Он не отвечал. Он ждал от меня подвоха.
— Ещё одна бутылка, — раздельно повторил я. — Вы ведь привыкли тремя бутылками расплачиваться. Я — электрической бритвой, вы — бутылками.
Он не понимал, о чем я, но чувствовал в моих словах скрытую злость. Широко расставленные глаза с белесыми ресницами слегка сузились. Я никогда раньше не замечал, что ресницы у него — белесые.
Перед тем как отправиться со Шмаковым в клуб, я брился, а он стоял рядом и глядел на мою электрическую бритву с преувеличенной завистью. Хихикая, принялся демонстрировать мне свой заржавленный станок. На нем застыла мыльная пена с вкраплёнными в нее волосками. Я узнал этот станок — им я впервые подбривал свои мальчишеские усики.
Тщательно почистив бритву, я опустил её в футляр и положил перед Шмаковым.
— Возьми себе.
Его глаза алчно загорелись.
— А ты… А тебе?
Не отвечая, я протирал одеколоном лицо.
— Три бутылки, — повторил я и, вытянув три пальца, несколько мгновений держал их так. Вологолов внимательно смотрел на них, словно надеялся увидеть что-то кроме пальцев. — Столько вы заплатили Шмакову за его жену. Три бутылки «столичной». Запамятовали?
Напряжение сошло с лица Вологолова — он понял наконец и почувствовал облегчение. Какие более серьезные и страшные слова ожидал он услышать от меня?
— А ты знаешь, почему я так кузнечика наживляла? Когда на байдарке, помнишь? Ты говорил, что страшная процедура, а я наживляла, помнишь?

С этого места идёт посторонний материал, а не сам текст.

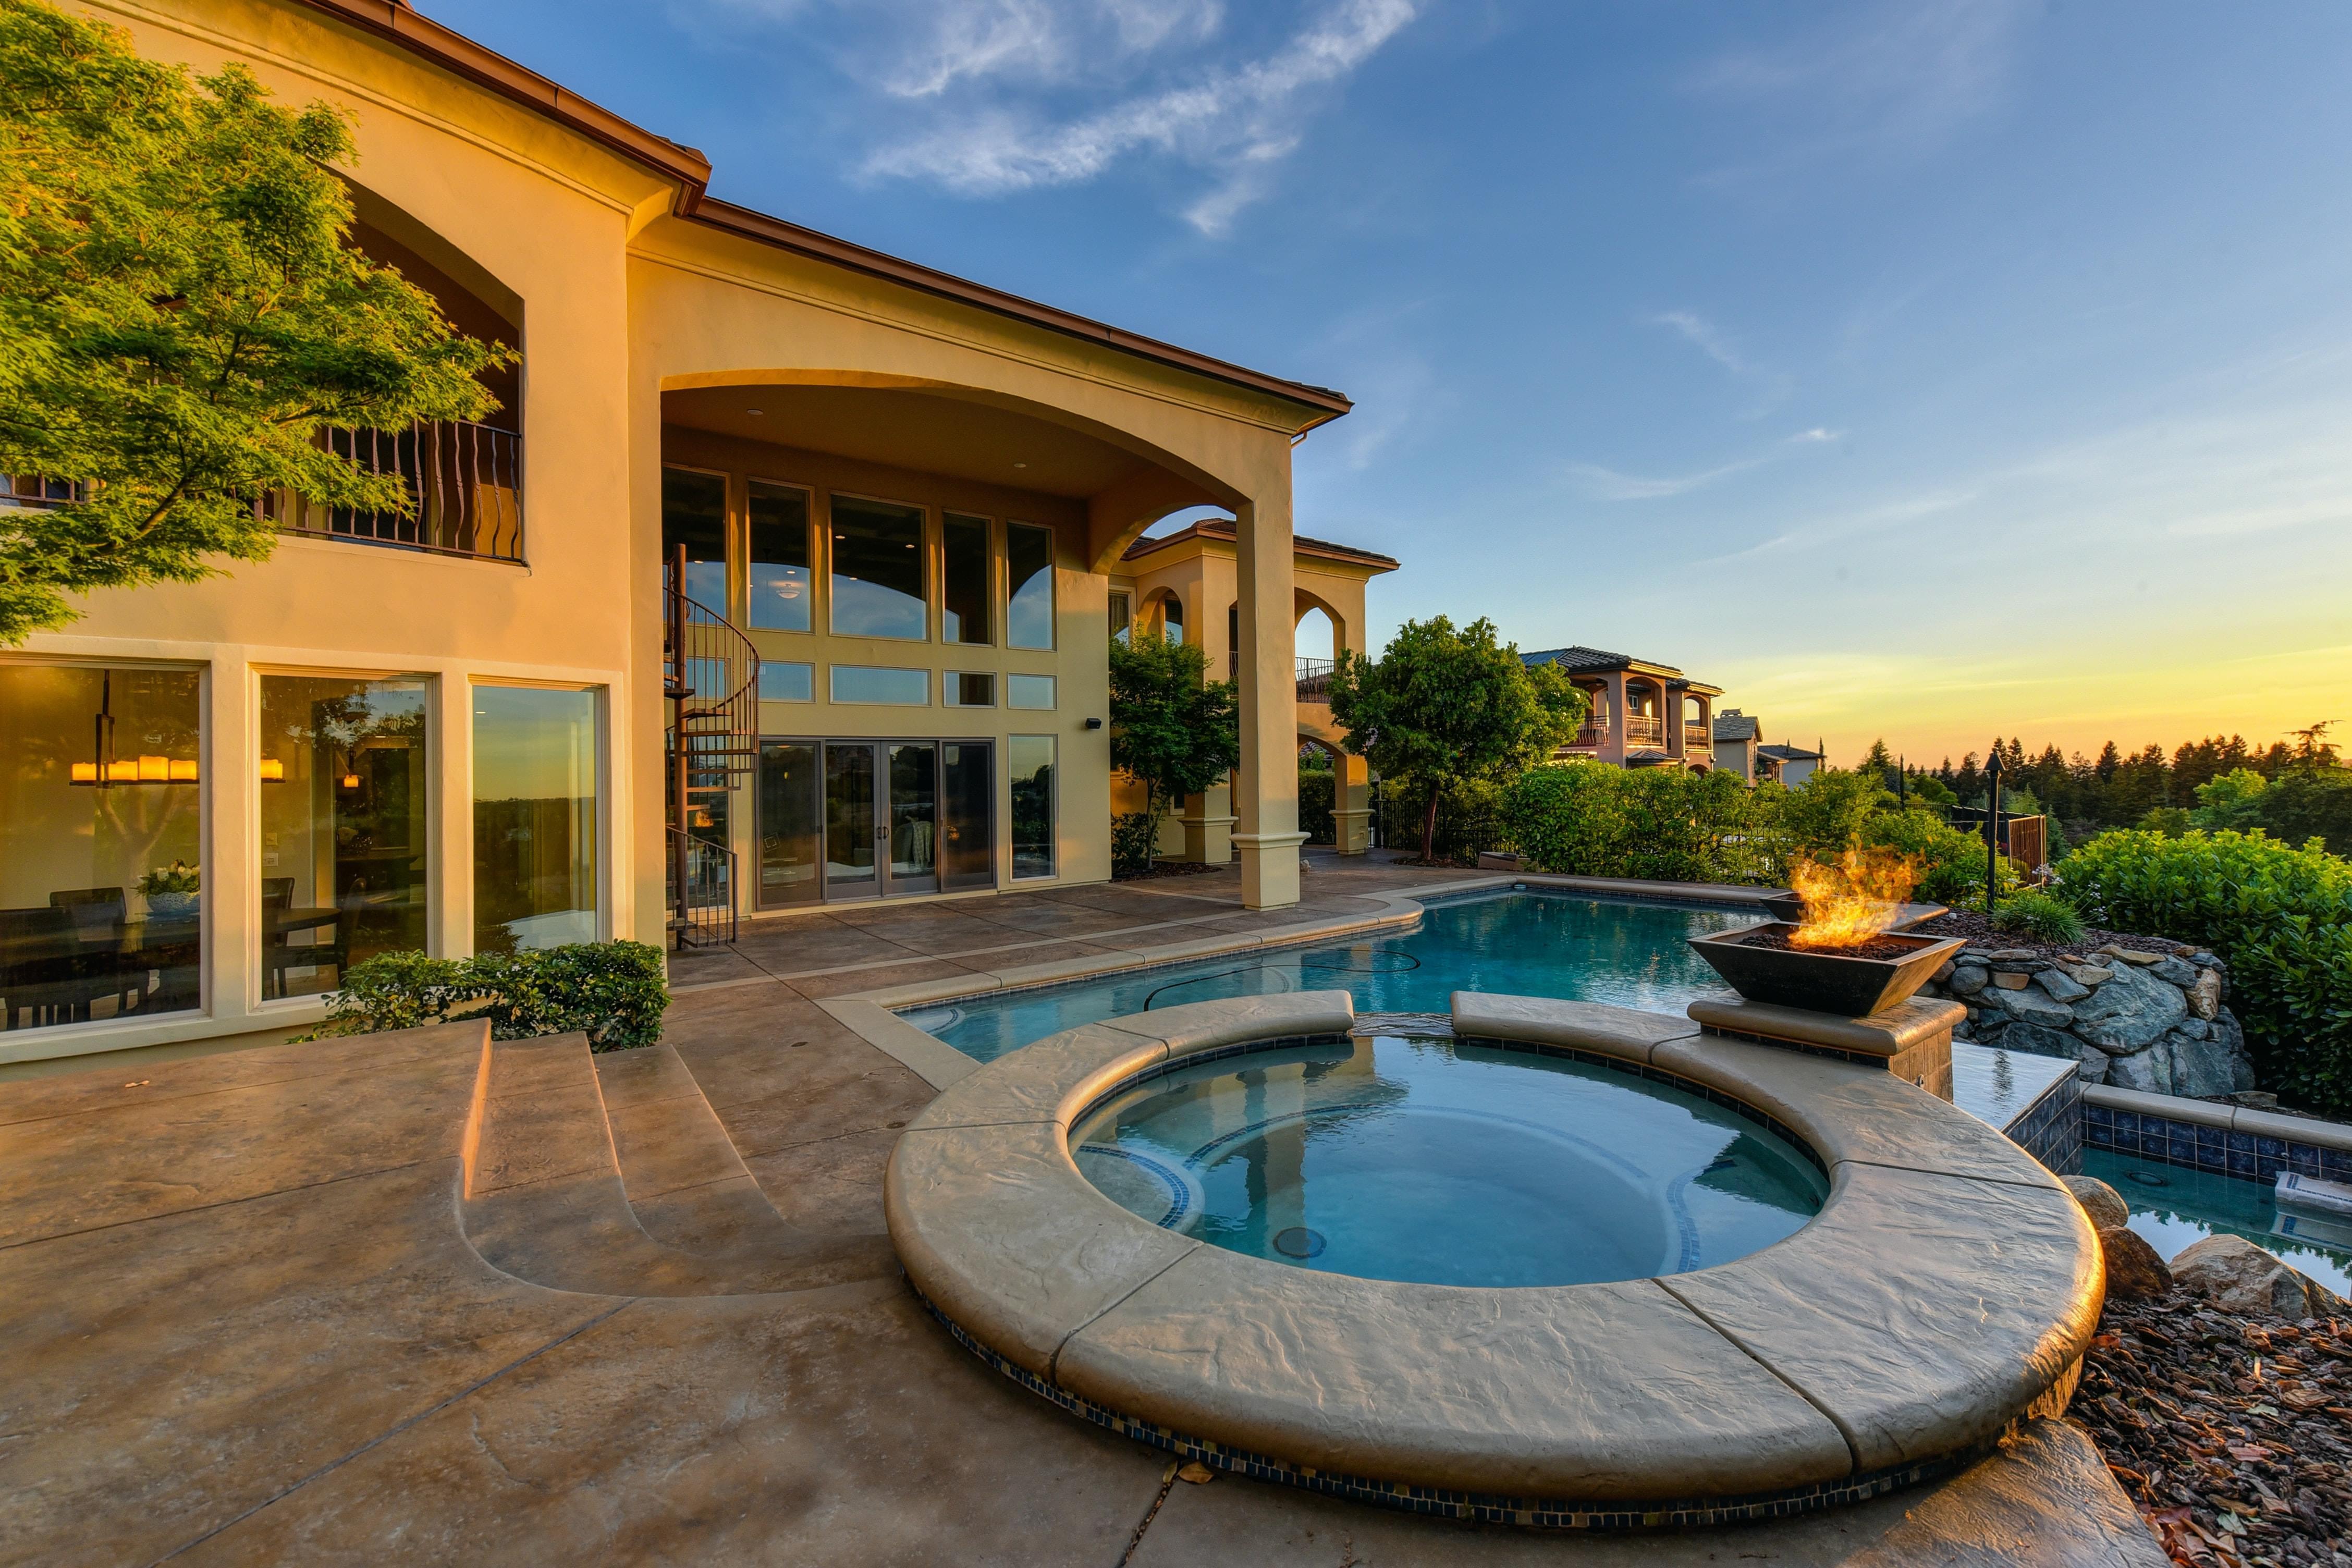 Luxury deserty home with pool and spa combination, fire pit, and floor-to-ceiling windows

Это я к работе врача себя готовила. Я врачом хотела стать.
Воробей снова перелетел на акацию. Он чистился, засовывая клюв под крыло, словно под мышку.
— А ты самый–самый умный из них! —порывисто сказала вдруг Лена. —Ты один не успокаиваешь меня. Не спросил, почему «хотела поступать», не сказал, что у меня ещё все впереди.
— Но я действительно так считаю…
Она напряженно размышляла о чем-то.
— Ты… Вот ты скажи мне… Моя операция опасна?
Я ответил, подумав:
— Да.
— Ты самый–самый умный! — прошептала она. — Они все не понимают, даже мама, что так хуже. Они говорят мне, что совсем не опасно. Ведь так говорят людям, когда очень–очень опасно. А когда маленькая опасность, её не скрывают. Правду я говорю?